Wearable biosensors allow continuous monitoring of physiological and behavioral signals associated with substance use disorders. Nevertheless, generating clinically meaningful insights requires novel machine learning techniques capable of handling high-velocity, noisy data streams. This paper surveys existing algorithms proposed for detecting substance use from wearables, highlighting key trends such as deep learning approaches and personalization. Ongoing challenges related to ground truth labeling, model interpretation, and computational efficiency are also discussed. The advent of 5G/6G networks is poised to transform this field by facilitating coordinated sensing across multiple wearables and enabling advanced on-device analytics.
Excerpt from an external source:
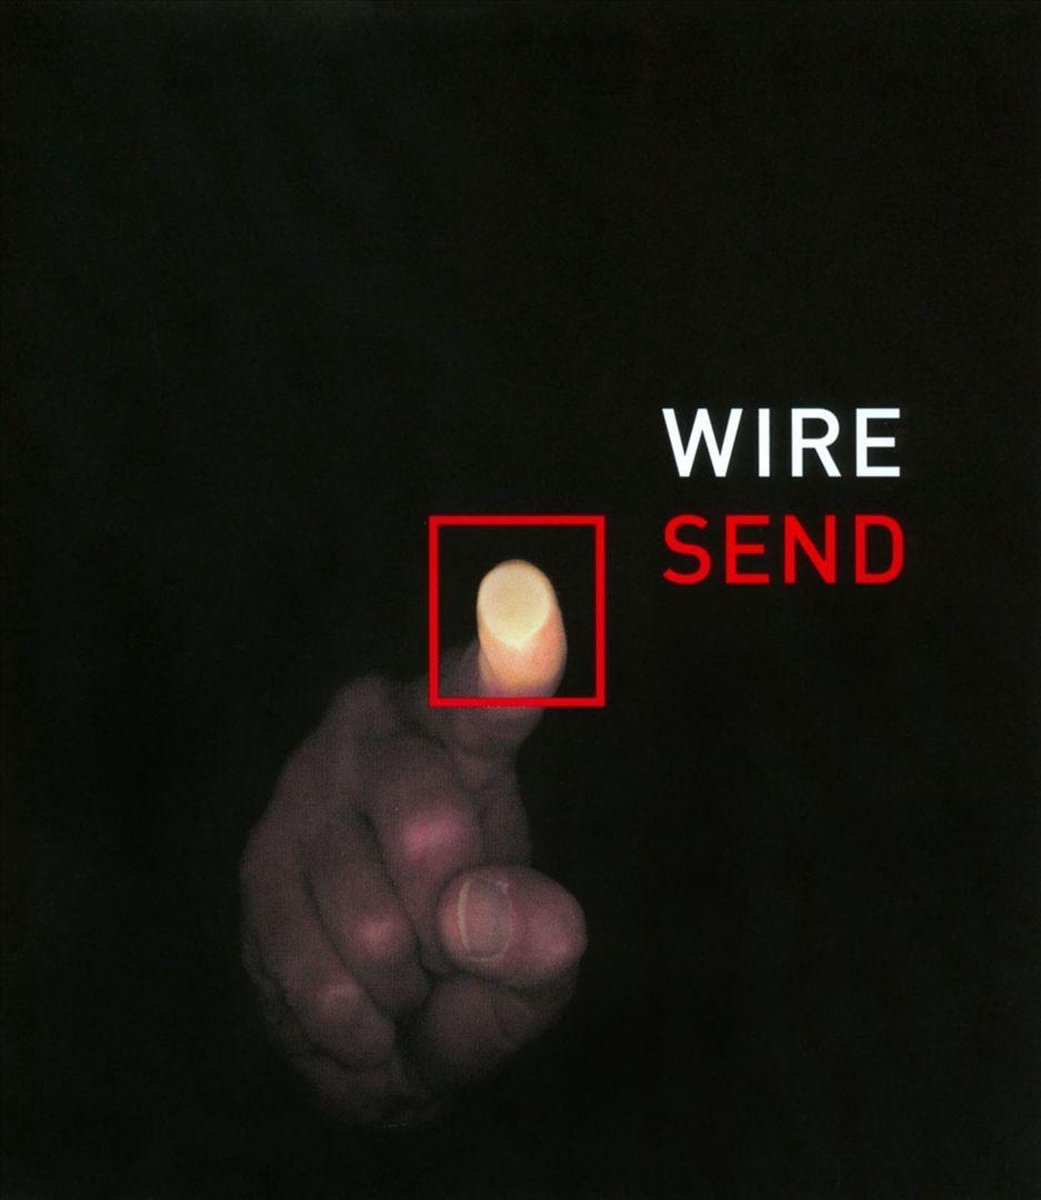 NEWS On this day, 21 ago, Wire returned after a hiatus of a decade with their 10th studio album, Send!

This work consolidates progress in wearable analytics for substance use monitoring and identifies open problems to steer future research. An experimental evaluation using wearable data from 20 participants demonstrates that a personalized CNN model achieved the best performance in detecting cannabis use events, boasting 89% precision, 83% recall, and a 0.94 AUROC score, outperforming classical machine learning approaches such as random forests.